Showing posts with label copper. Show all posts
Showing posts with label copper. Show all posts

Friday, November 27, 2015

Chemistry from the Deep: Geomimicry

Hydrothermal vent
Source: Geotimes.org
Lots of fascinating chemistry occurs in places humans can't routinely visit. Deep-sea hydrothermal vents, super-hot fissures formed from volcanic activity below the ocean floor, produce plumes of minerals and organic compounds. Through "geomimicry," researchers hope to harness similar conditions for use in labs here on dry land.

A team from Arizona State University - a geochemist, a biogeochemist, and a physical chemist  - report in JOC ASAP some interesting oxidation conditions using only copper salts and hot, pressurized water.

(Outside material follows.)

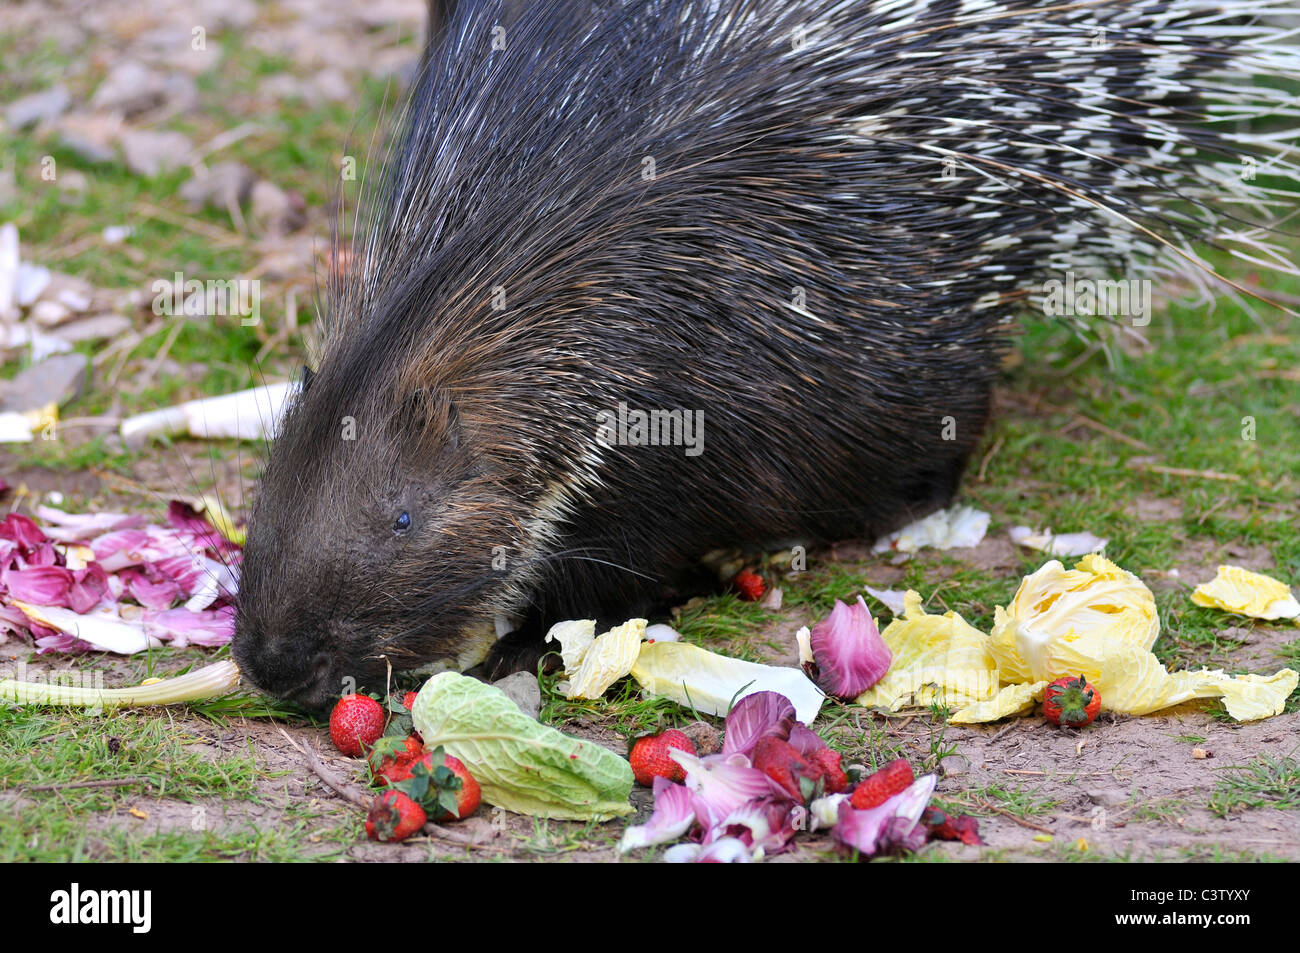 Porc-épic Indiens gros plan (Hystrix indica) manger des légumes Banque D'Images

With cupric chloride as an additive, benzyl alcohol and phenylacetic acid are oxidized to the corresponding benzaldehyde and benzoic acid in water at 250 Celsius and 40 bar (580 psi). The researchers speculate that the copper ions form different chloride species at high T and P, capable of promoting a series of single-electron transfers out of the organic substrates.


The article closes on an intriguing, somewhat humbling note:

"The vast majority of the organic material on Earth does not participate in the familiar, conventional surface carbon cycle because it is located deep within the crust and therefore undergoes chemical reactions under hydrothermal conditions. In contrast to the majority of reactions close to ambient [temperature and pressure], which tend to be controlled by enthalpic and kinetic factors, reactions...under geochemically relevant conditions tend to be controlled by entropic and thermodynamic forces...this suggests that much new useful organic chemistry may be inspired...by geology."

In other words, the reactions and catalysis we tend to study in labs "above ground" are just the tip of the organic chemistry iceberg....err, volcano?

Thursday, December 18, 2014

Greener Nylon Synth? Just Add UV and Ozone!

"Any sufficiently-developed technology is indistinguishable from magic" - Arthur C. Clarke

Looks like we'll soon have a more straightforward way to make stockings, zip-ties, and tire belts. 

Adipic acid, a six-carbon diacid representing one of the "sixes" in Nylon 6-6, apparently takes quite a bit of industrial "elbow grease" to make. The current process, starting from cyclohexane, requires cobalt, manganese, copper, and vanadate salts, high pressures of oxygen gas, and hot nitric acid. Out the other side, its responsible for 5-8% of the nitrous oxide we humans spew into the atmosphere each year.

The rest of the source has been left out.